- Patient Presentation
- Differential Diagnosis
- Final Outcome
- Evaluation - Questions & answers
A 55-year old HIV-infected male was referred to the Dermatology Outpatient Clinic with a four month history of a swollen face and multiple skin nodules.
- Dr. Ranks Lehloenya, Dr. Khadija Shebe and Prof. Gail Todd from the Department of Dermatology.
- Dr Sipho Dlamini from the Department of Infectious Diseases, Groote Schuur Hospital, Cape Town.
- Dr Carol Hlela, Institute of Infectious Disease and Molecular Medicine, University of Cape Town
Three years prior to this presentation, the patient was treated at his local clinic for a persistent rash, diagnosed as eczema. There was minimal response to a standard therapy of topical steroids, he experienced only a minimal response.
Past Medical History
He was diagnosed with pulmonary tuberculosis (TB) and tested positive for HIV at the same time. He completed six months of standard TB treatment.
His CD4 count over three months showed a steady decline:
- 1st measurement: CD4 count was 987 cells/ul
- 3 months later his CD4 count was 603 cells/ul
HAART was initiated five months later when his CD4 count dropped below 350 cells/ul. He was started on antiretroviral therapy (ARV), consisting of lamivudine (3TC), stavudine (d4T) and efavirenz (EFV)
He defaulted treatment and was lost to follow-up for more than a year.
When he returned to the clinic he was re-initiated on ARV. Four months after restarting treatment he developed facial swelling and bulky, non-tender nodules on the trunk and limbs.
A skin biopsy showed dermal infiltration of atypical lymphoid cells.

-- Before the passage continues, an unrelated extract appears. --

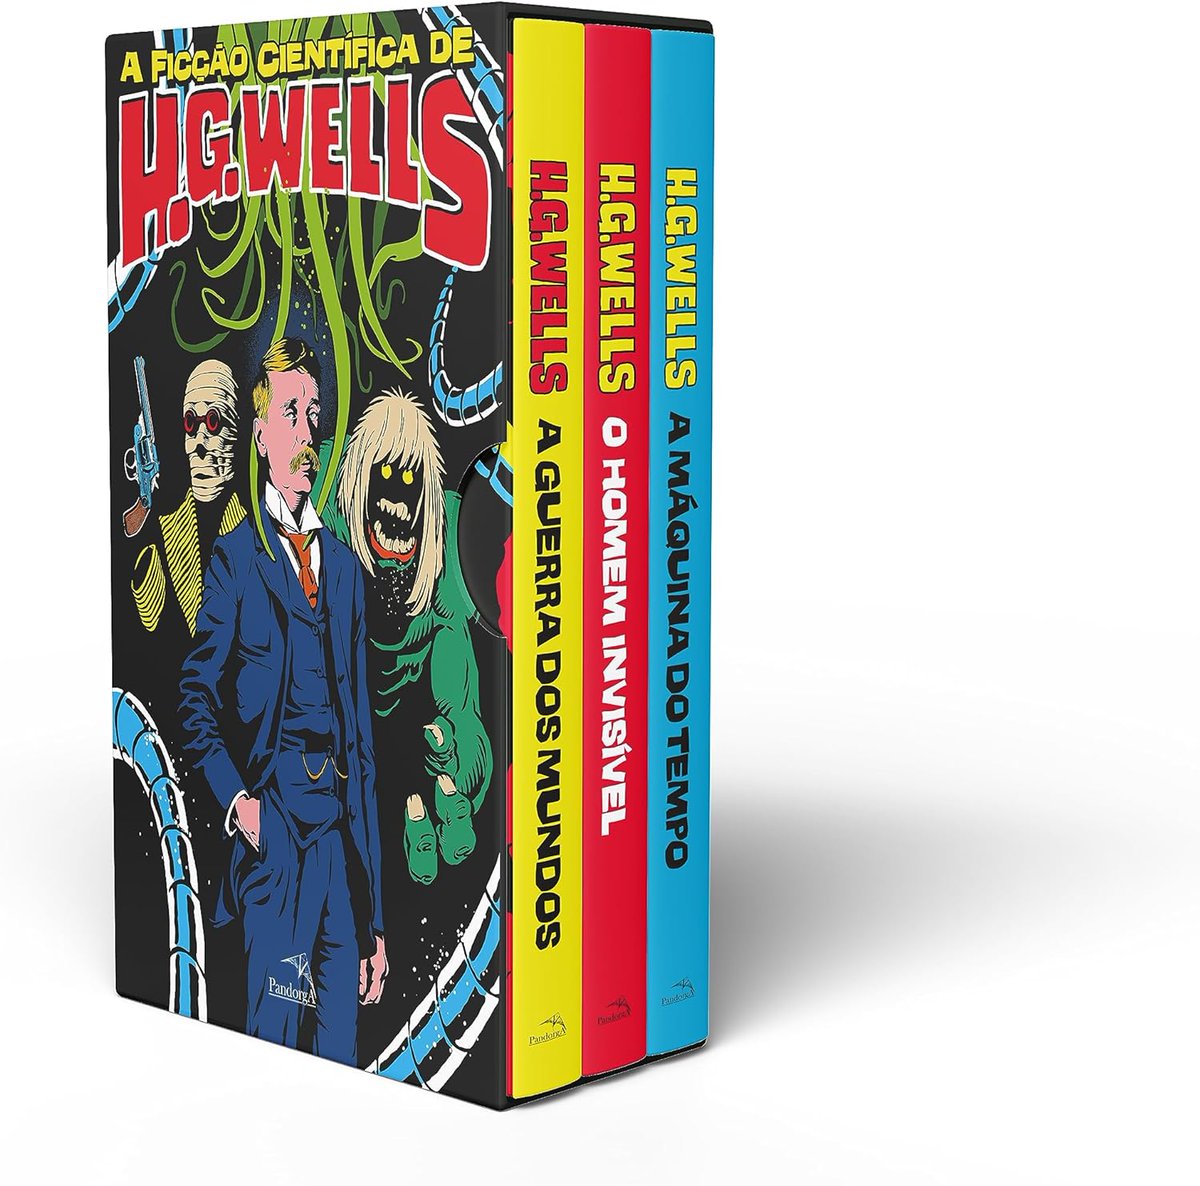 Oferta ⚡️ Amazon Box A ficção científica de H. G. Wells (R$ 39,90) 📖 amzlink.to/az0VVa5Nfy4dc

Following his biopsy results, he was referred to a specialist skin lymphoma clinic.
Past Surgical History
Previous laparotomy for small bowel obstruction, cause unknown.
Nothing of significance
ARV: 3TC, d4T and EFV
No alcohol use
No illegal substance use
- HIV-associated atypical cutaneous lympho-proliferative disorder (ACLD)
- Mycoses fungoides
- Sezary syndrome
- Other lymphomas
Appearance: ambulatory, underweight, erythrodermic male, awake, alert and co-operative.
- Temperature: afebrile
- Blood pressure: 124/76
- Heart rate: 75
- Respiratory rate: 16
- Erythrodermic, skin, generally indurated
- Palpable axillary and groin lymph nodes
- No jaundice, pallor or oedema
- Chest clear
- No murmurs, no added heart sounds
- Mild tenderness over the liver and the spleen with accompanying hepatosplenomegaly.

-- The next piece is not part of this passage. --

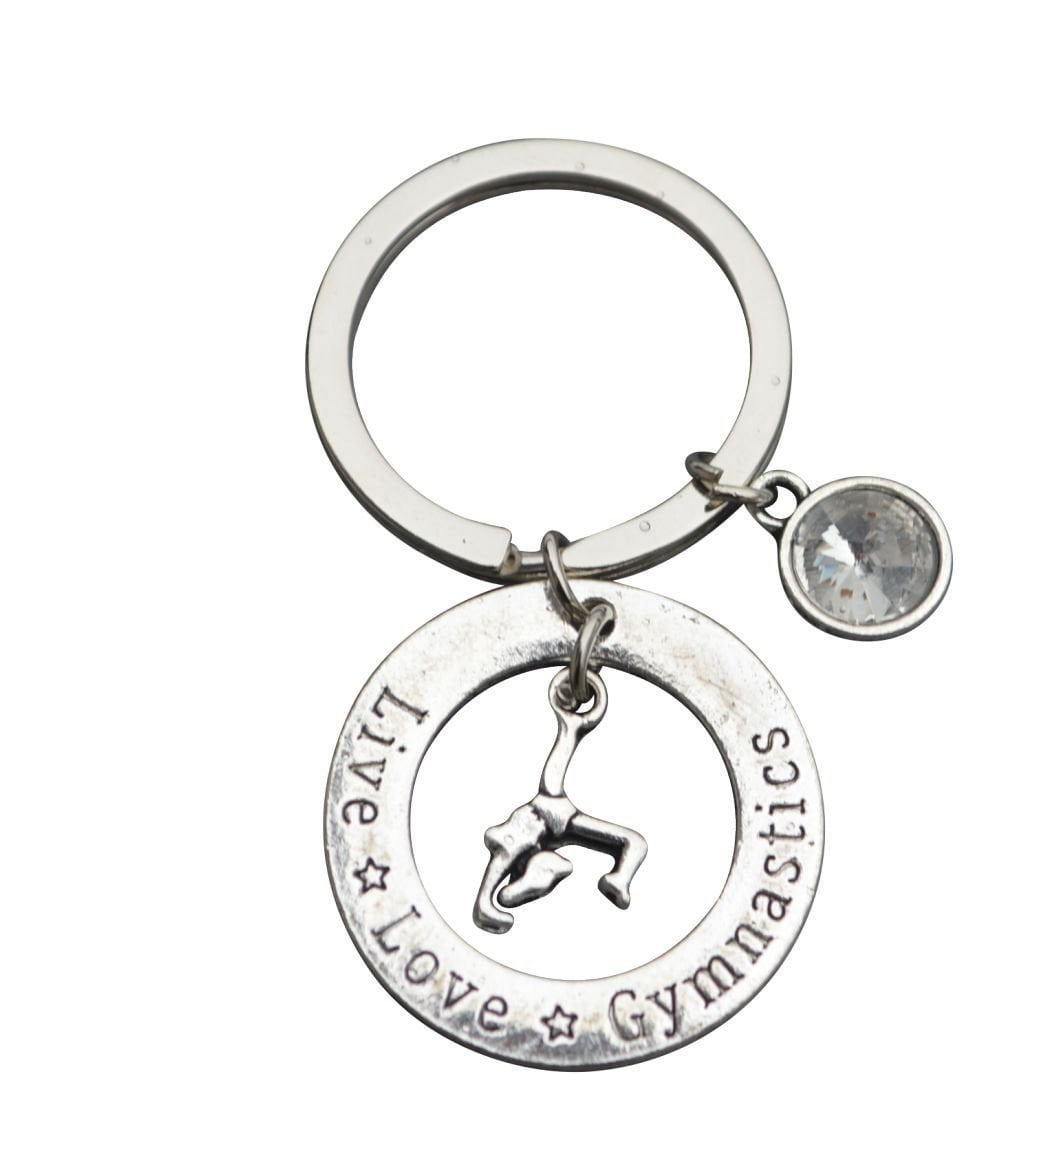 Details about   2017 fashion I Love Gymnastics keychain women men jewelry charms key ring #61

- No abnormalities detected
- Erythrodermic, skin generally indurated
- Diffusely indurated face with leonine features
- Boggy non-tender multiple nodules and tumors on the face, of varying sizes
- Similar tumourous nodules on thighs
- Fine non-palpable purpuric rash on upper the trunk
- Non-tender tumourous nodules on forearm
|On Admission||6 weeks (Feb 2012)||14 weeks (March 2012)||Reference ranges|
|WCC +peripheral smear||50.51 with > 10% circulating atypical lymphocytes||8.6||11.1||4-12x109/L|
|Monocytes||3.54||0.18 – 0.80 x109L|
|Eosinophils||1.01||0.0 – 0.45 x10 9 /L|
Our presenting case was a middle-aged man with severely indurated face presenting as a leonine facies as well as skin nodules and tumours on his trunk and limbs. He was previously diagnosed as HIV-infected and was initiated on ARV. It is uncertain whether the skin lesions were a result of drug toxicity following initiation of ARV, or possibly due to immune reconstitution inflammatory syndrome (IRIS). It is also possible this could be an aggressive progression of a pre-existing condition due to his immune-compromised state. We will look more closely at the immunology involved to understand the possible aetiology of this condition.
However, before understanding the pathology observed in our patient, it is important to first have a better knowledge of the immune response in skin to invading pathogens.
Langerhans cells, which are resident dendritic cells in the epidermis, are typically the first innate immune cells to respond to an epidermal skin infection.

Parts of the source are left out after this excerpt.